Task goal — Return the whole listing, line for line, without the pictures in it.

Data shown —
------------------------------------------------

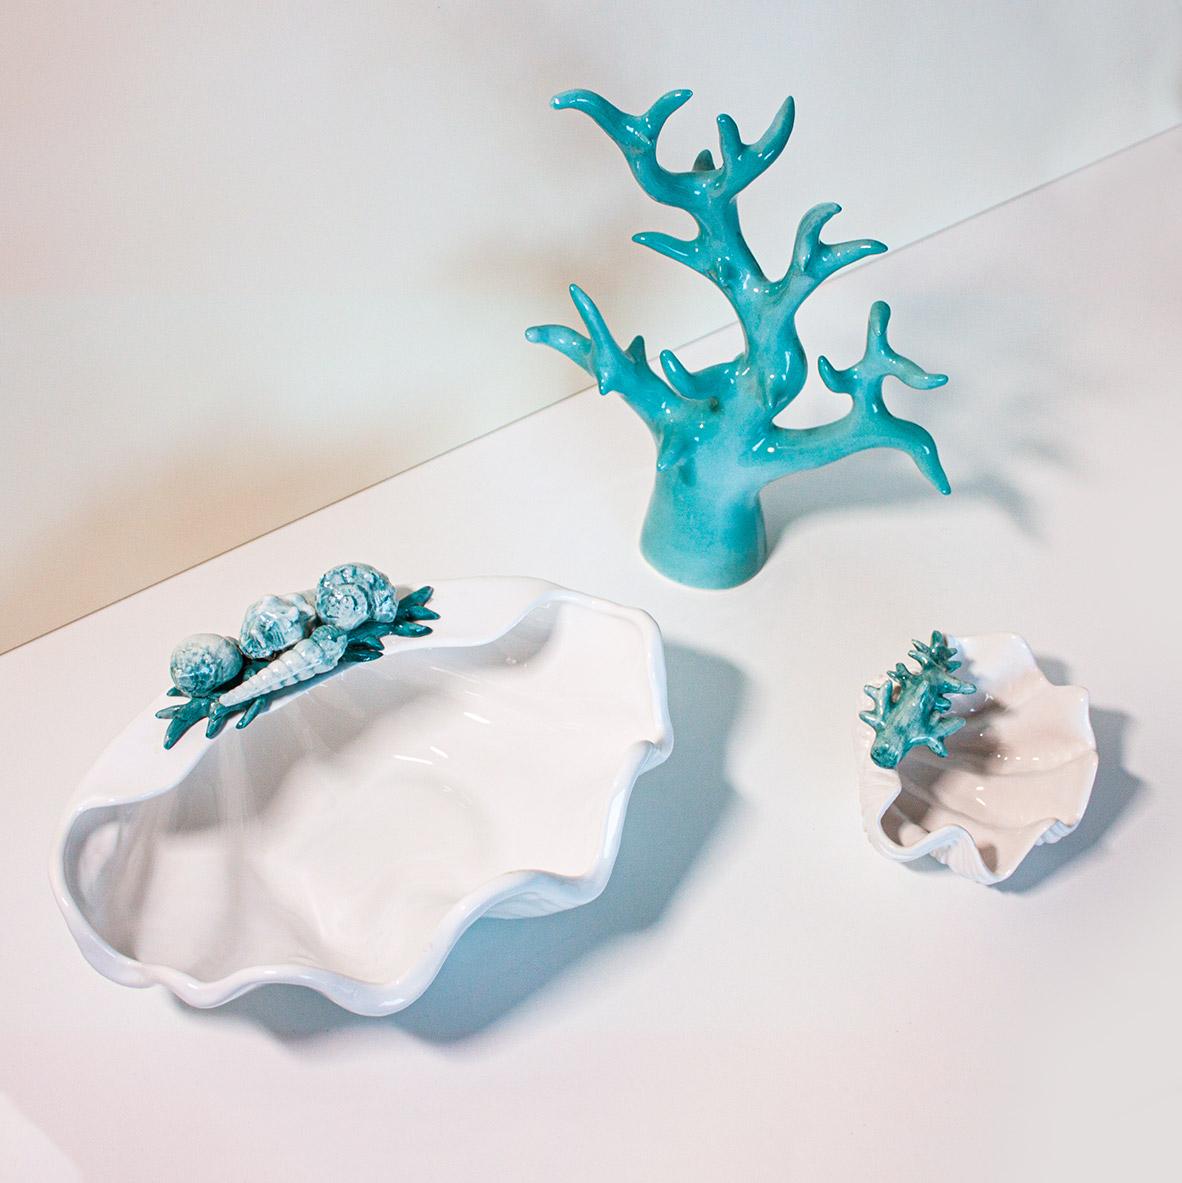 ceramica turchese con decorazioni a forma di corallo e conchiglie
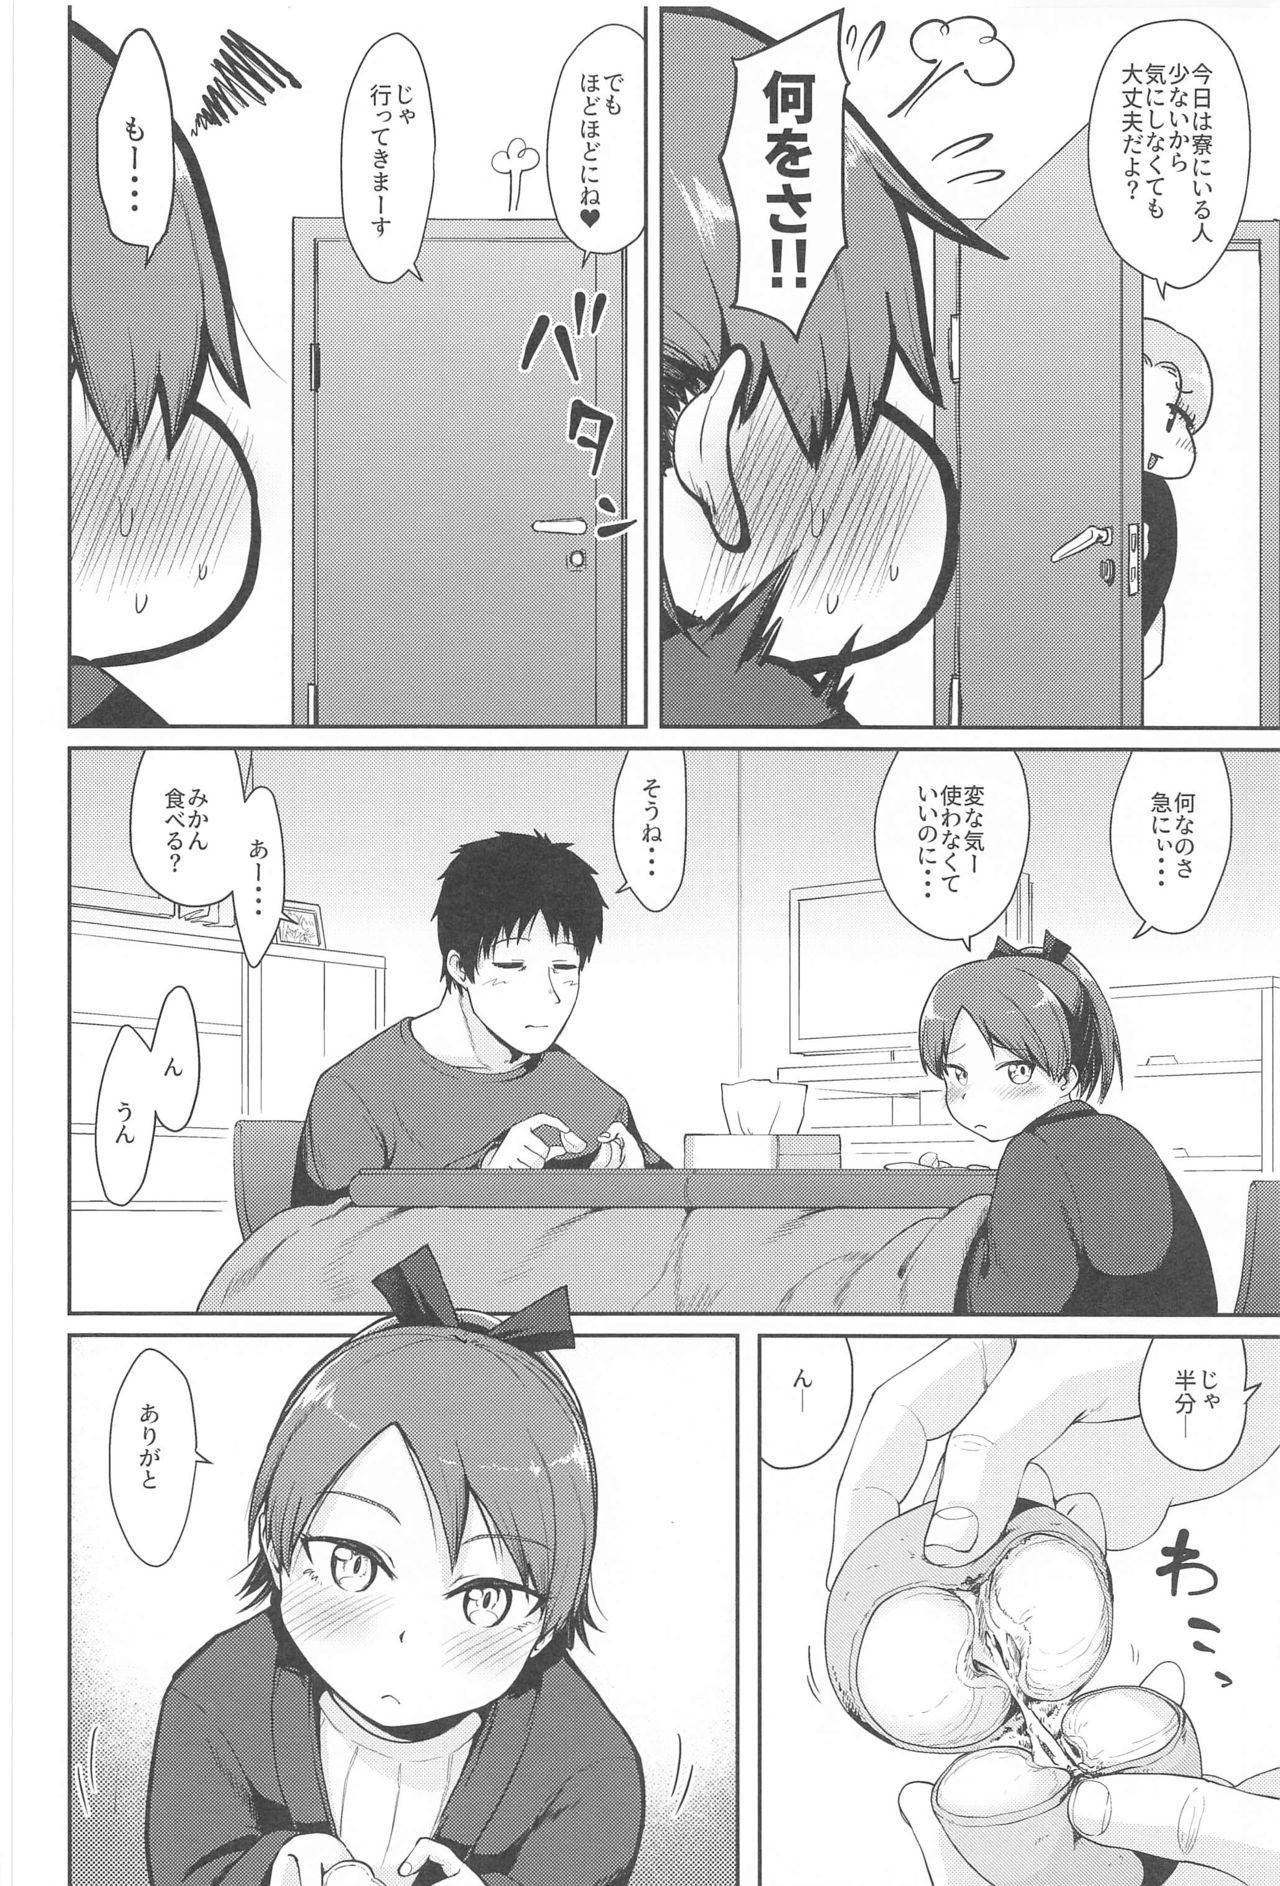 Shikinami Aiai Kotatsu 4
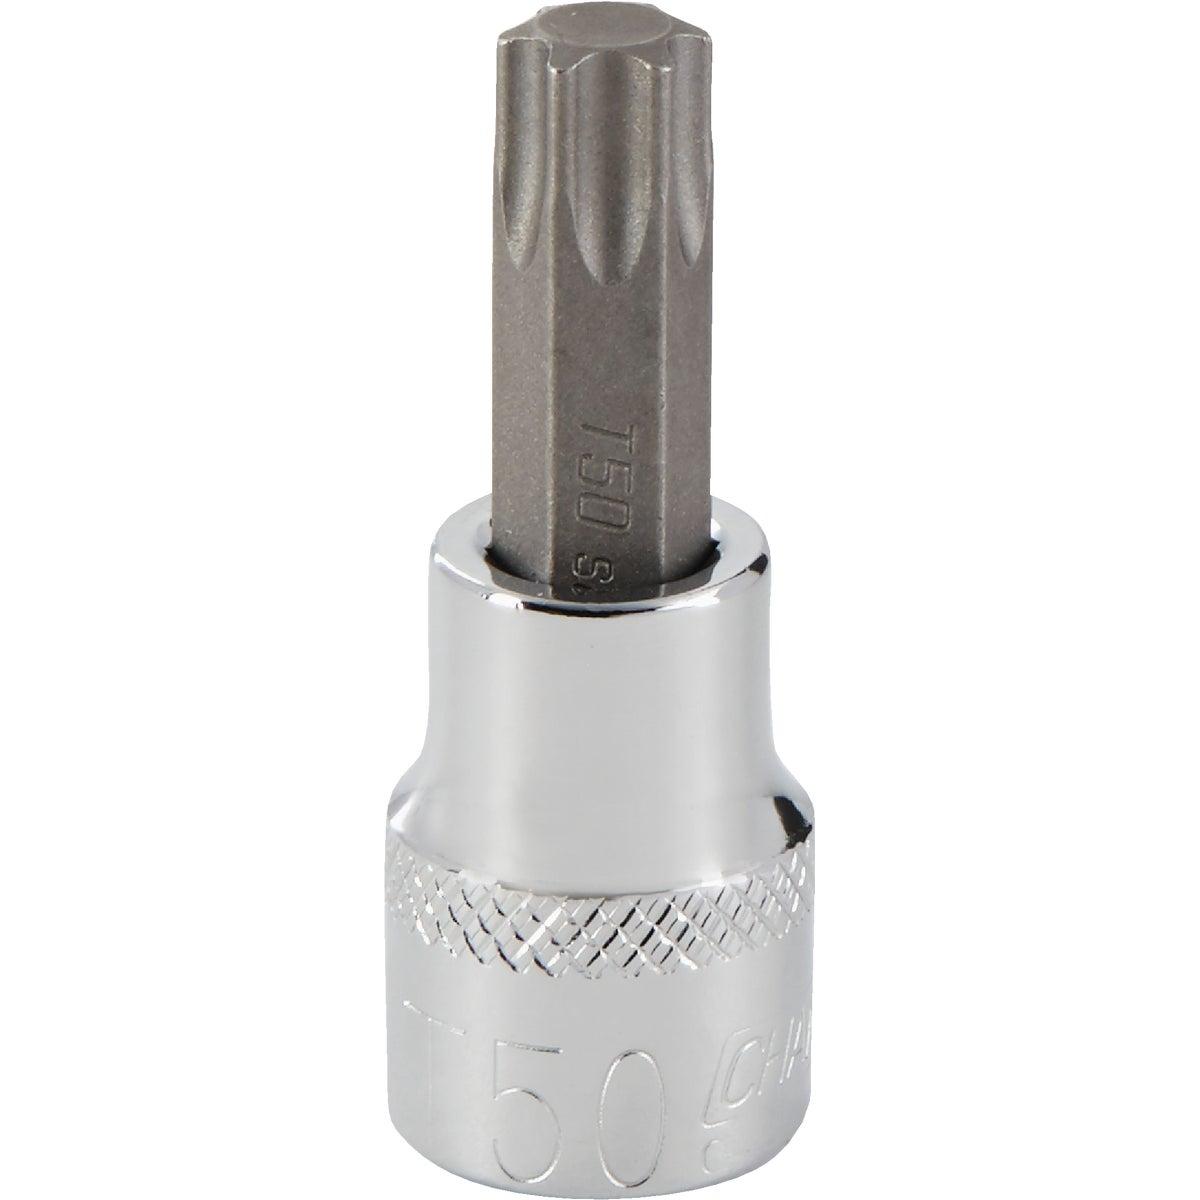 Best Way Tools T50 TORX BIT SOCKET 370339

------------------------------------------------

Exercise answer —
 ceramica turchese con decorazioni a forma di corallo e conchiglie
 Shikinami Aiai Kotatsu 4
 Best Way Tools T50 TORX BIT SOCKET 370339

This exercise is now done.